In article <71181@eerie.acsu.Buffalo.EDU> v092pxca@ubvmsb.cc.buffalo.edu
(Paul D Fly) writes:
>Does anyone know if anyone is working on building a voice synthesizer?  This
>seems like one of the last frontiers completely open. ...

A "singing voice" synthesizer has been built as a research project at the
Dept. of Music Acoustics (Institutionen for musikakustik) at the Royal
Institute of Technology in Stockholm. Some years ago I heard a striking
demonstration of it: starting from a sine wave, characeristics of a human
voice were successively added until it suddenly sounded like a heroic opera
tenor! Rumour has it that they once sent a tape of synthesized song to the
entrance test of a school of music, and it passed...
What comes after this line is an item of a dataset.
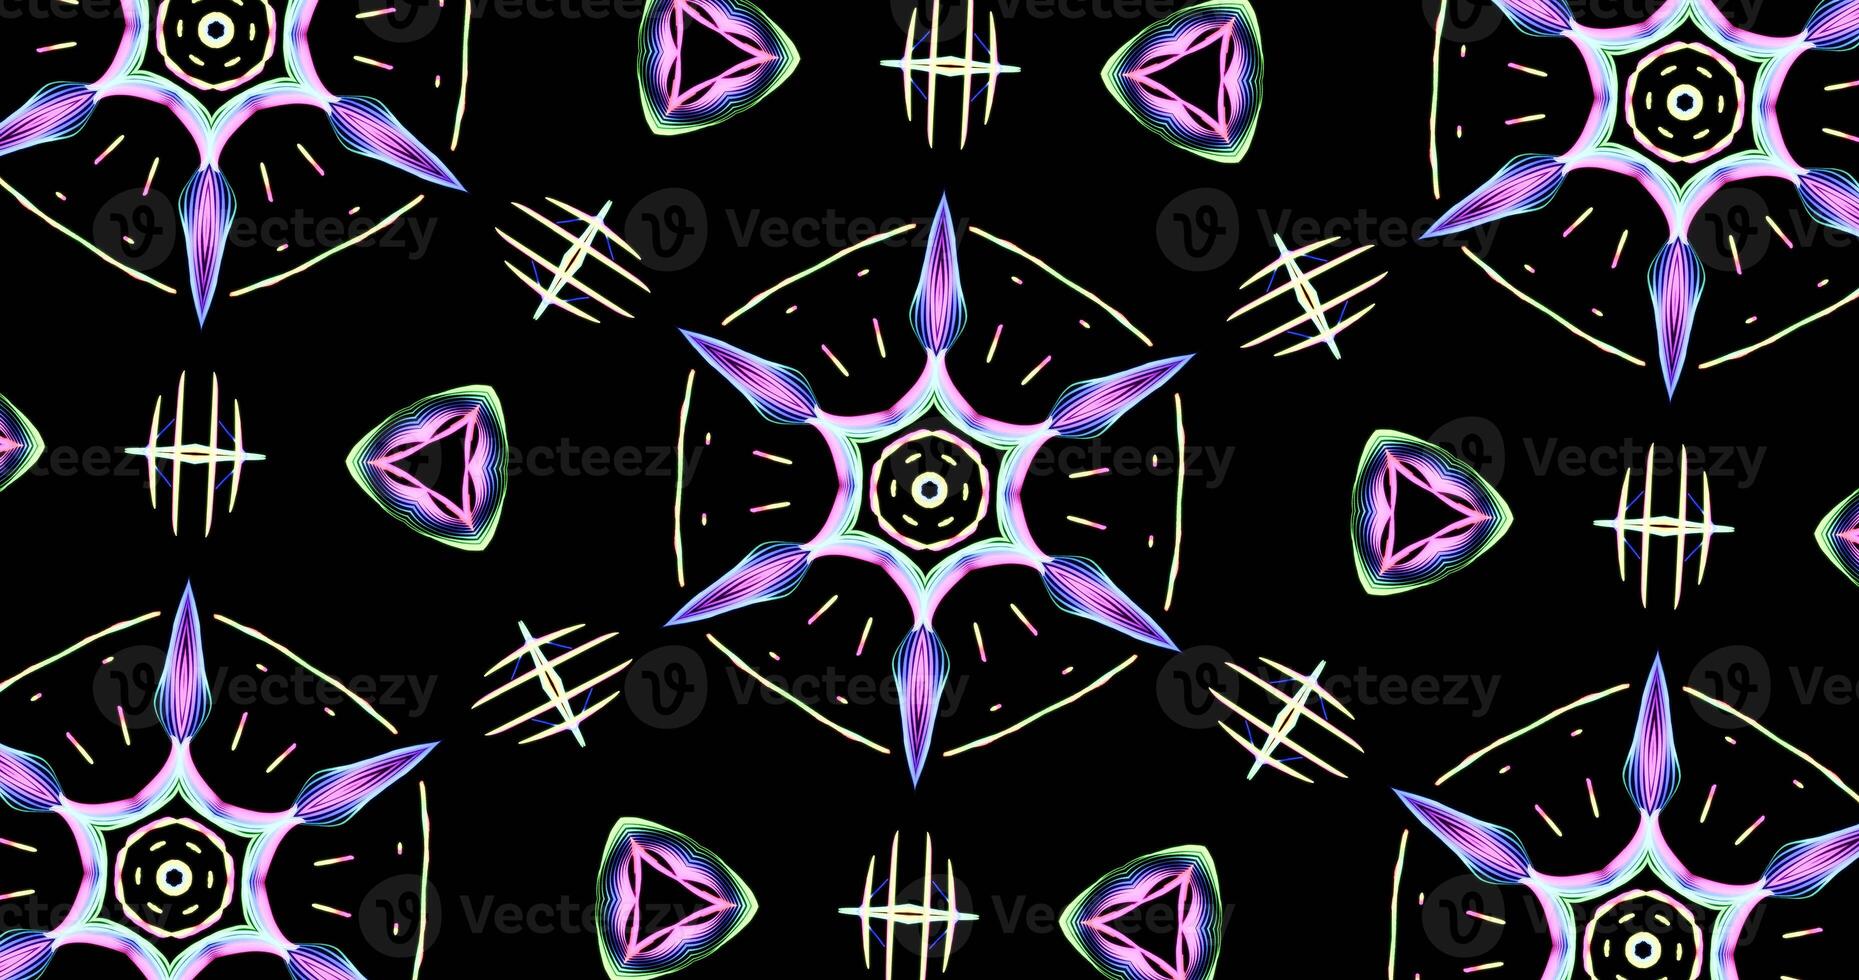 kaleidoskopisch Muster auf dunkel Hintergrund im beschwingt Farben foto

This synthesizer was not capable of forming words, though, just to sing with
a certain wovel (which could be changed by changing the voice
characteristics). The department in question has, however, over the years
conducted some quite interesting research on speech synthesis too. I have no
references at hand, but I expect their work to be well documented at
conferences and such.

Bjorn Lisper

ron@vicorp.com (Ron Peterson) (04/19/91)

In article <71181@eerie.acsu.Buffalo.EDU> v092pxca@ubvmsb.cc.buffalo.edu writes:
>Does anyone know if anyone is working on building a voice synthesizer?  This

In the cyberpunk novel "Little Hereos" a device called a VoxBox is used
to create the lead and backing vocals for synthetically created music.
It is described as requiring a real human voice as input which is then
modified to give it zing.  Perhaps there is work of this nature going
on somewhere.  I know that Laurie Anderson has a device that she uses
to make her voice sound male.  Anyone know the details of how it works?
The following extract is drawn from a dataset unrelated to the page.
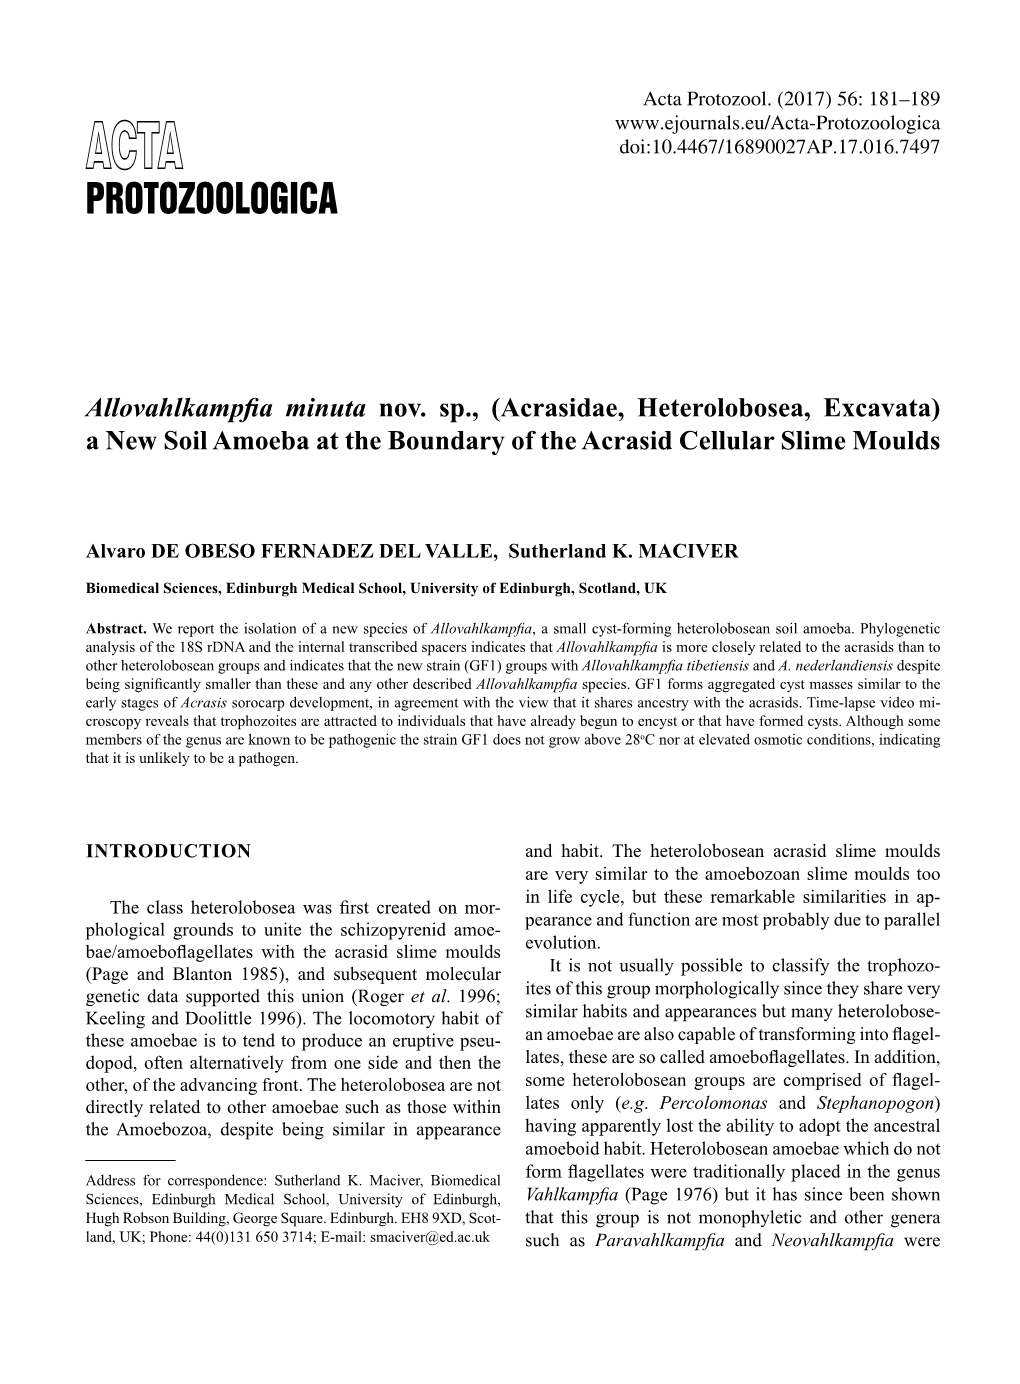 Protozoologica ACTA Doi:10.4467/16890027AP.17.016.7497 PROTOZOOLOGICA

I've played with sending a voice through fuzzboxes, flangers, delays,
equalizers and even synthesizers (anyone have a PAIA Gnome they want to
sell me? Mine got stolen) like the ARP Avatar and while fun, it all
sounds robotic.  A memory of an ad in Electronic Musician comes to my
mind--the one that showed a box with hundreds of LED's on the front
and boasted real-time harmonic modification of guitar sounds.  Costs
more than 10K but might do some interesting things to a voice.  Anyone
ever try one?  I'd be interested in knowing how hard it is to program
and what it sounds like.
PAIA sells an affordable vocoder.  Perhaps this could be modified to
work with the digital recording systems that are appearing (or the
samplers that already exist) to function as an input device for 
altering vocals.  Like this: Record a lyric, isolate the first
word/sound, smooth the pitch fluctuations be specifying a pitch
glide rate limit, using your voice as input record an amplitude and
pitch history, then cut-paste-shift-alter-scale-stretch-impose rules
on the history, then apply it to the recorded lyric, then fiddle with it
to get it good.  Sounds tedious but not much more so than twiddling
sampled sounds.

Seems like real-time modification of voice via DSP is do-able.  Just
guessing, it seems like it would require recognising/detecting events
in song/speech (start, stop, click, resonance shifts, ?) in order to
know when to switch in the proper algorithm for modifying that part of
the sound (in addition to things like pitch shifting and equalisation.)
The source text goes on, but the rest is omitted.